- **TASK BRIEF**
Leaving out every picture, quote the data below exactly as it appears.

- **DATA TO USE**
——
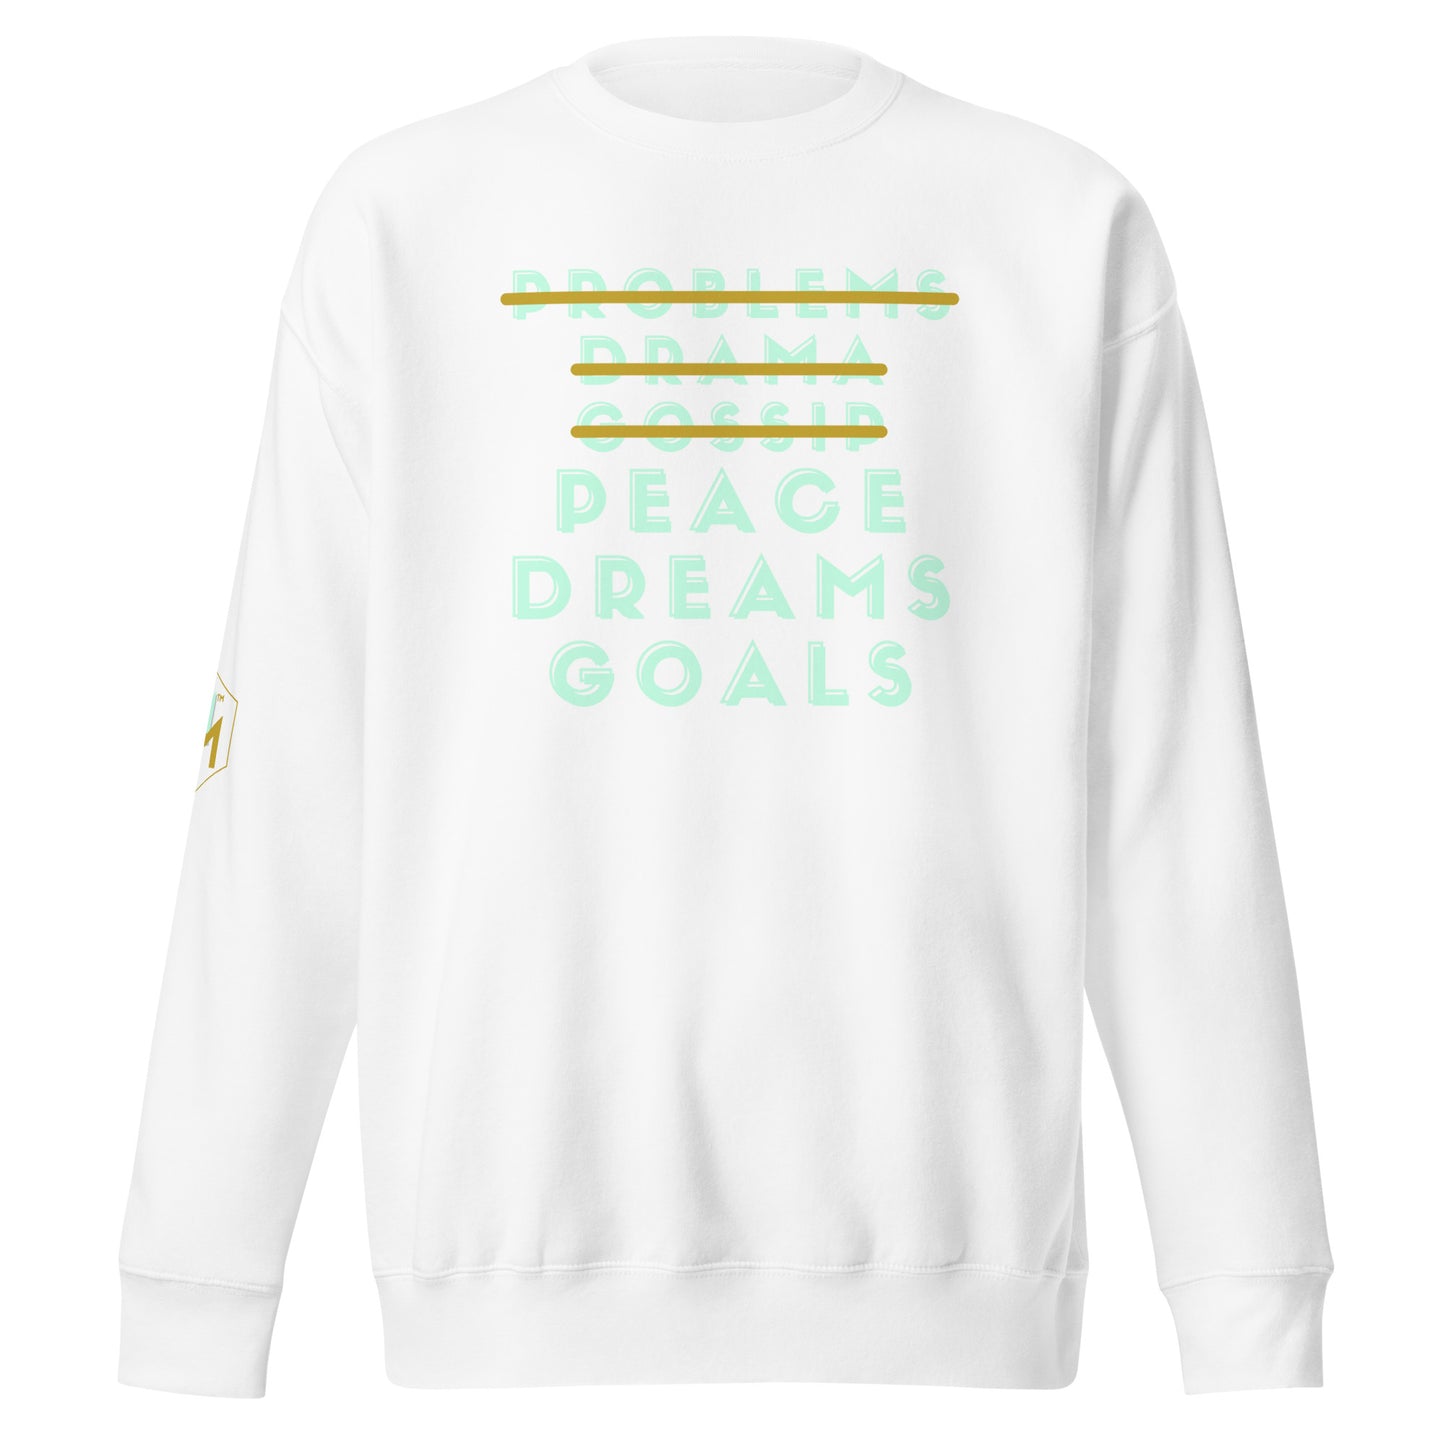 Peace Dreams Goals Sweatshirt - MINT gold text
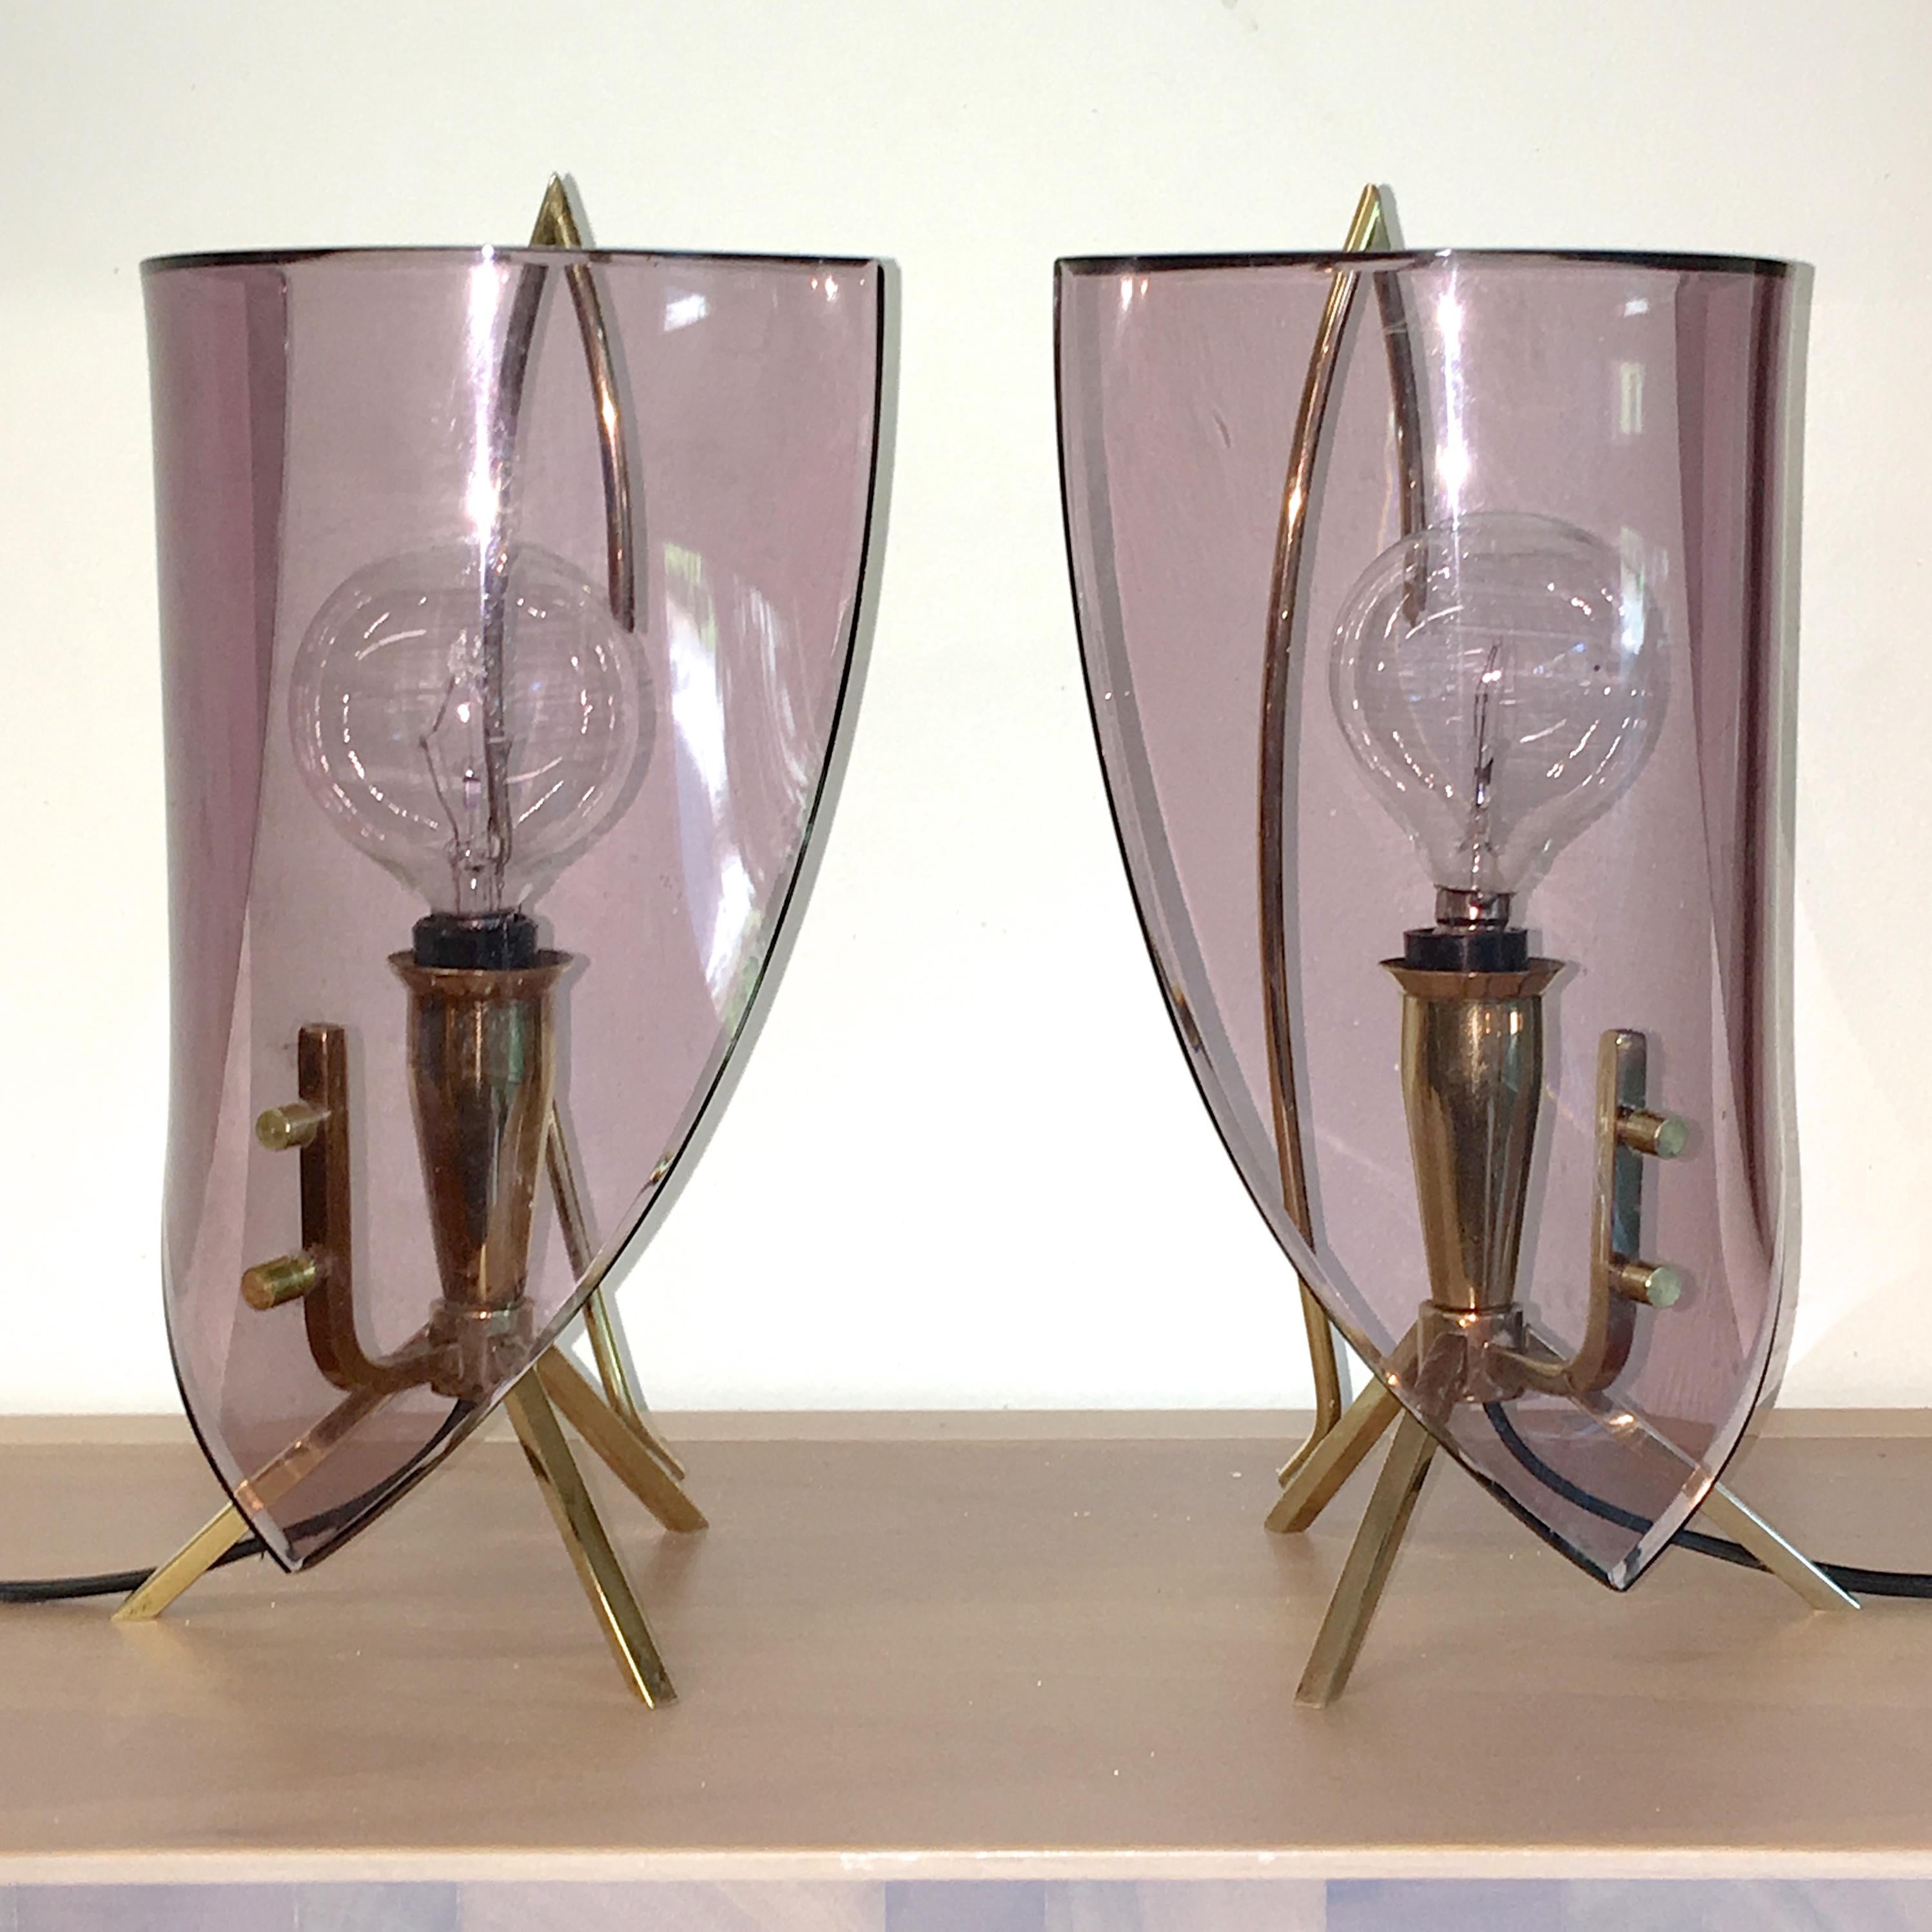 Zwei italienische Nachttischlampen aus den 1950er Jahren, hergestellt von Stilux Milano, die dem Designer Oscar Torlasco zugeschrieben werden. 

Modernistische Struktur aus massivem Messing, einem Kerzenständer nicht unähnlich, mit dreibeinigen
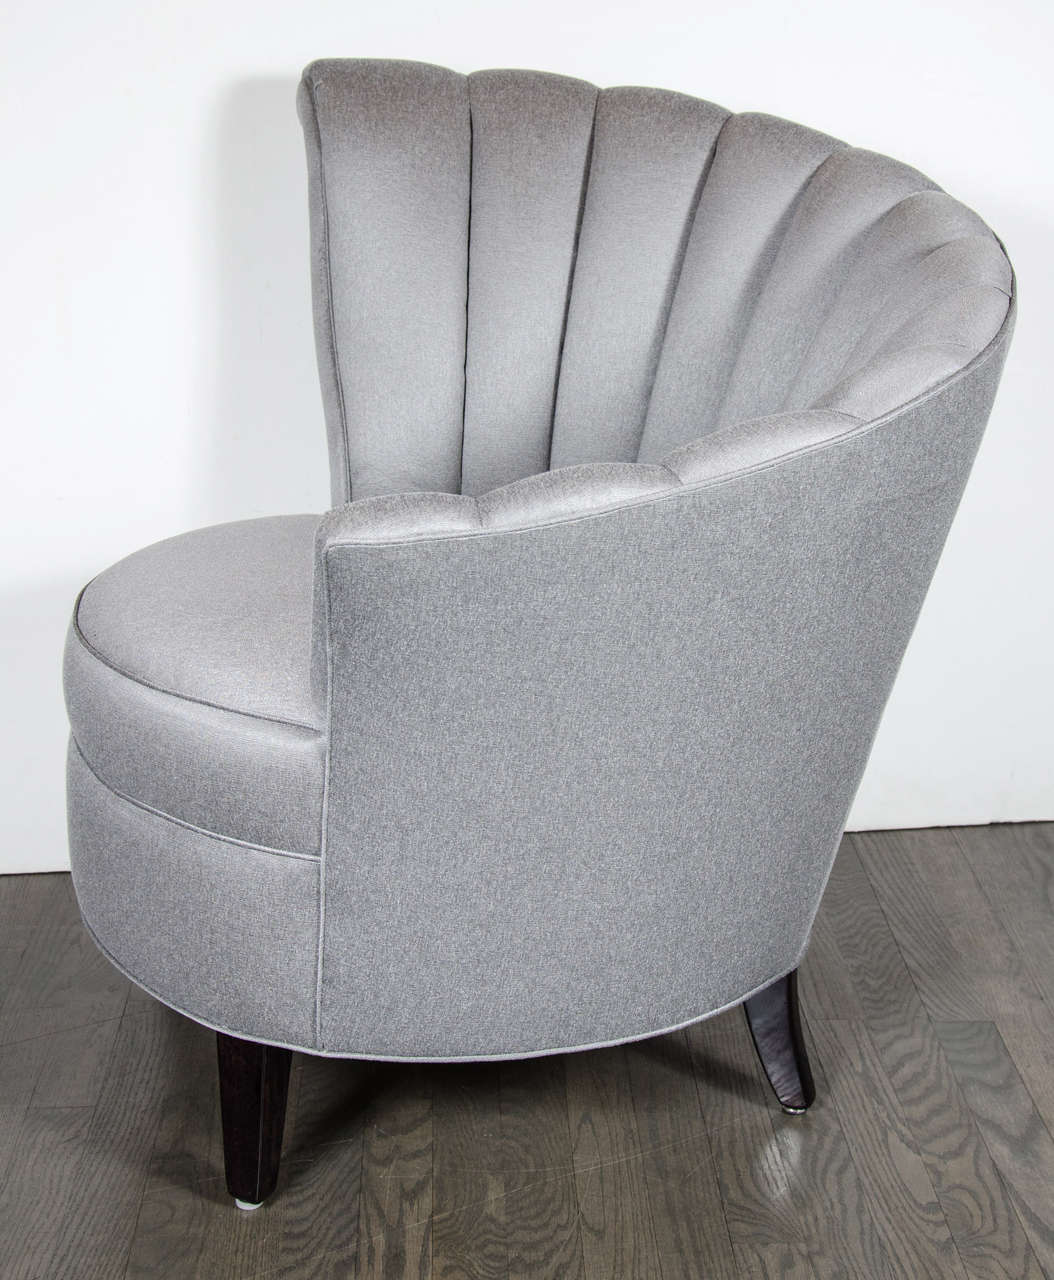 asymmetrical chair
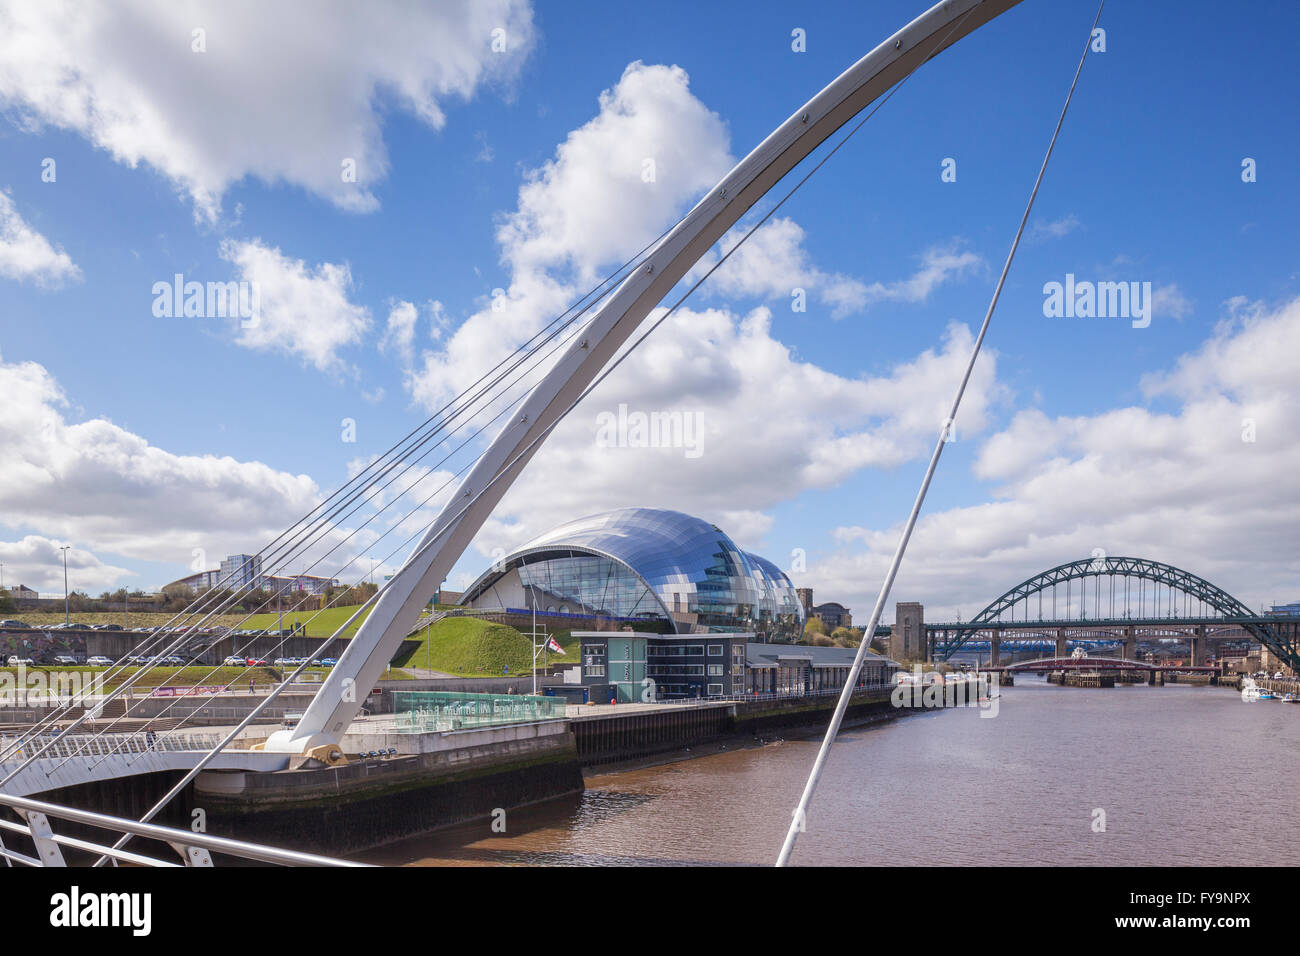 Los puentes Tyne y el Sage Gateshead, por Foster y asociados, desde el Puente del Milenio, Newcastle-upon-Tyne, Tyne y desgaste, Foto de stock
——
- **EXERCISE SOLUTION**
 Peace Dreams Goals Sweatshirt - MINT gold text
 Zwei italienische Nachttischlampen aus den 1950er Jahren, hergestellt von Stilux Milano, die dem Designer Oscar Torlasco zugeschrieben werden. 

Modernistische Struktur aus massivem Messing, einem Kerzenständer nicht unähnlich, mit dreibeinigen
 asymmetrical chair
 Los puentes Tyne y el Sage Gateshead, por Foster y asociados, desde el Puente del Milenio, Newcastle-upon-Tyne, Tyne y desgaste, Foto de stock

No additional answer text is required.